Szálasi's mother was the Greek Catholic Erzsébet Szakmár (born 1875), who had Slovak and Rusyn roots. She provided religious education to her sons. Szálasi once said "I received the power of belief and faith in God through breast milk. My mother made to drink faith through and through me". Ferenc Szálasi lived with his mother until 1944.

===Military career===

Szálasi followed in his father's footsteps and joined the army at a young age.
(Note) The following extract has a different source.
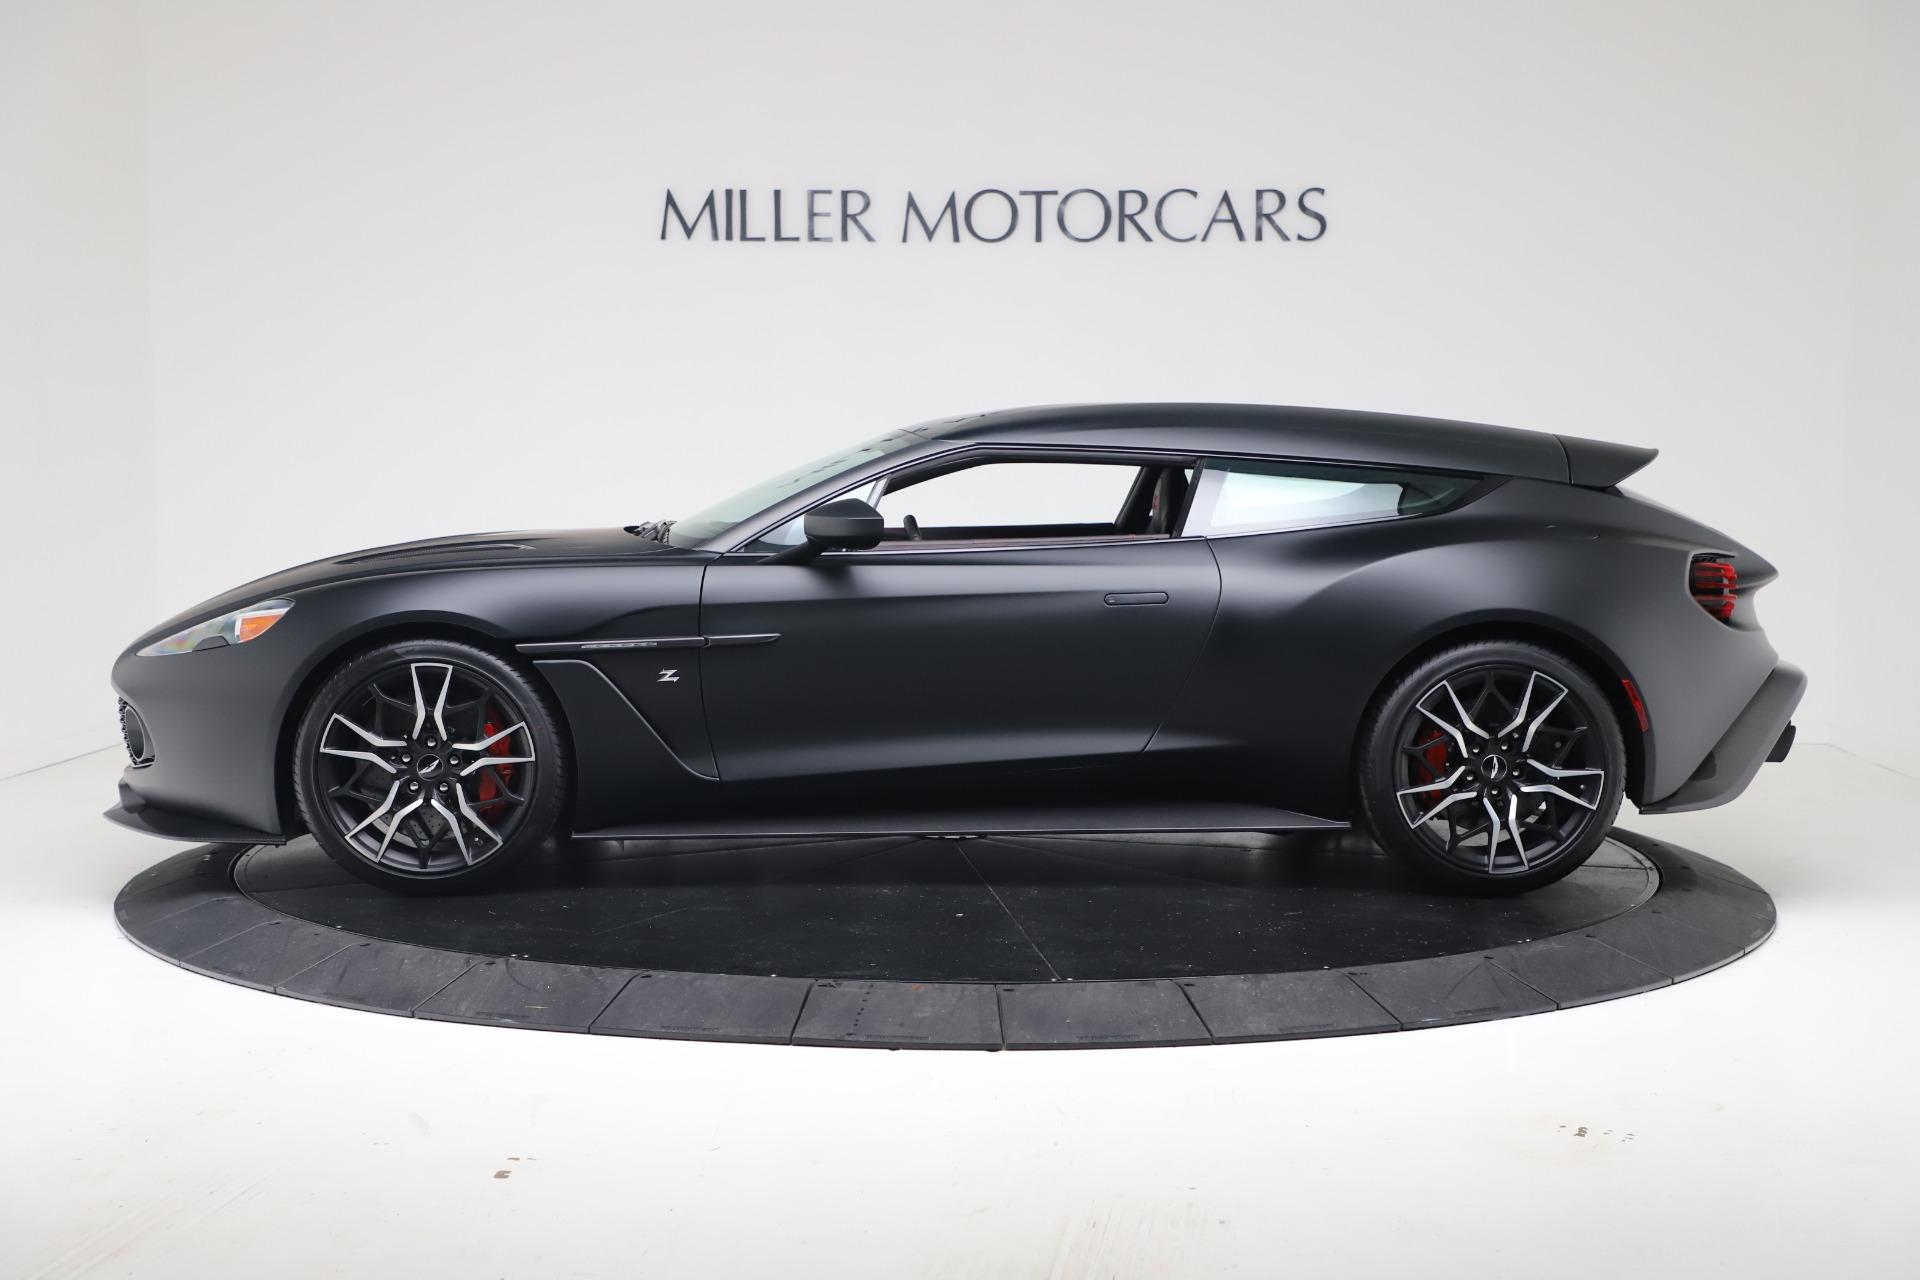 New 2019 Aston Martin Vanquish Shooting Brake For Sale In Westport, CT 3512_p3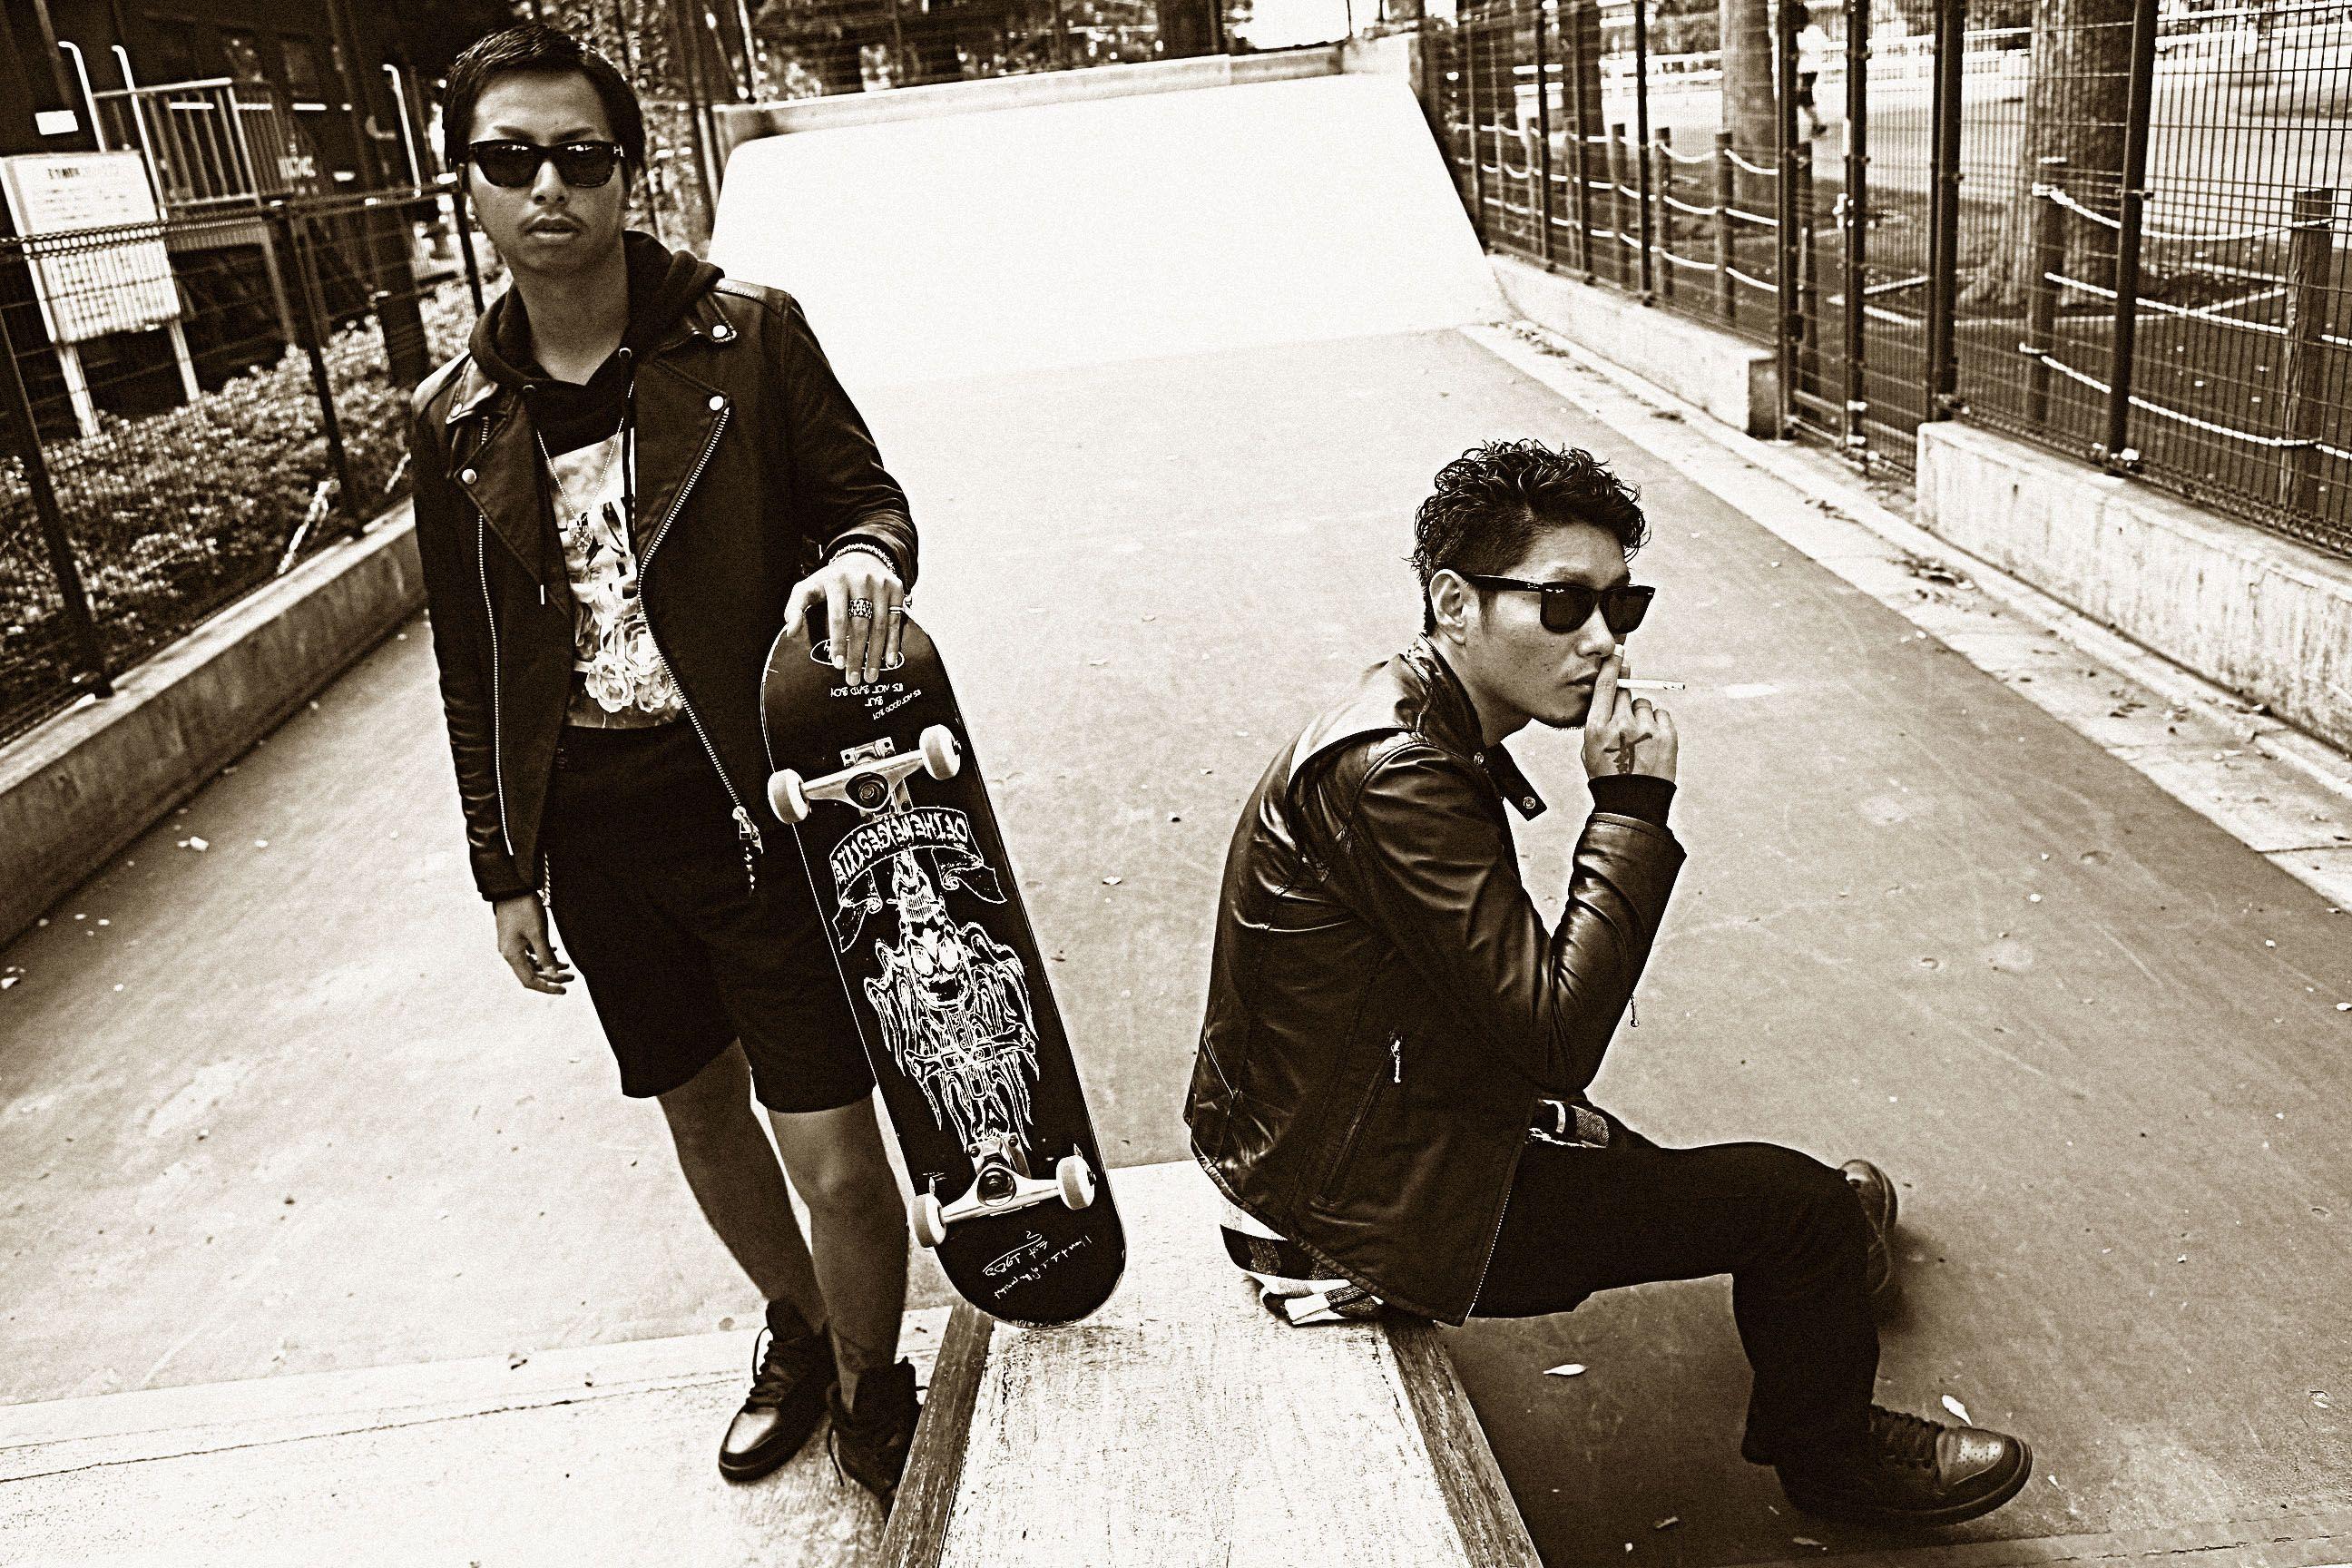 "TOKYO STREET THUG LIFE ""FUCK"" #ofthenigestyle #tokyo #street #thug #life #fuck #look #swag #gang #black #style #skateboard"

He finished elementary studies in his birthplace, then attended the military academy in Kőszeg, Marosvásárhely (now Târgu Mureș in Romania) and continued studies in Kismarton. Finally, he finished his military education in the Theresian Military Academy of Wiener Neustadt, where he was promoted to Lieutenant in 1915.

He eventually became an officer and served in the Austro-Hungarian Army during World War I. He served on the frontline for 36 months. At the end of the war, he was promoted to First Lieutenant and was involved in the 2nd regiment of k.u.k. Tyrolean Rifle Regiments, widely known as Kaiserjäger. He was stationed near Merano and Lake Garda in the Italian Front. Later the regiments were ordered to the north to Verdun at the last days of the war. For his service, he was honored with Third Class of the Order of the Iron Crown. Returning to Hungary, Szálasi performed courier service for the newly formed Ministry of Foreign Affairs after the Aster Revolution in November 1918.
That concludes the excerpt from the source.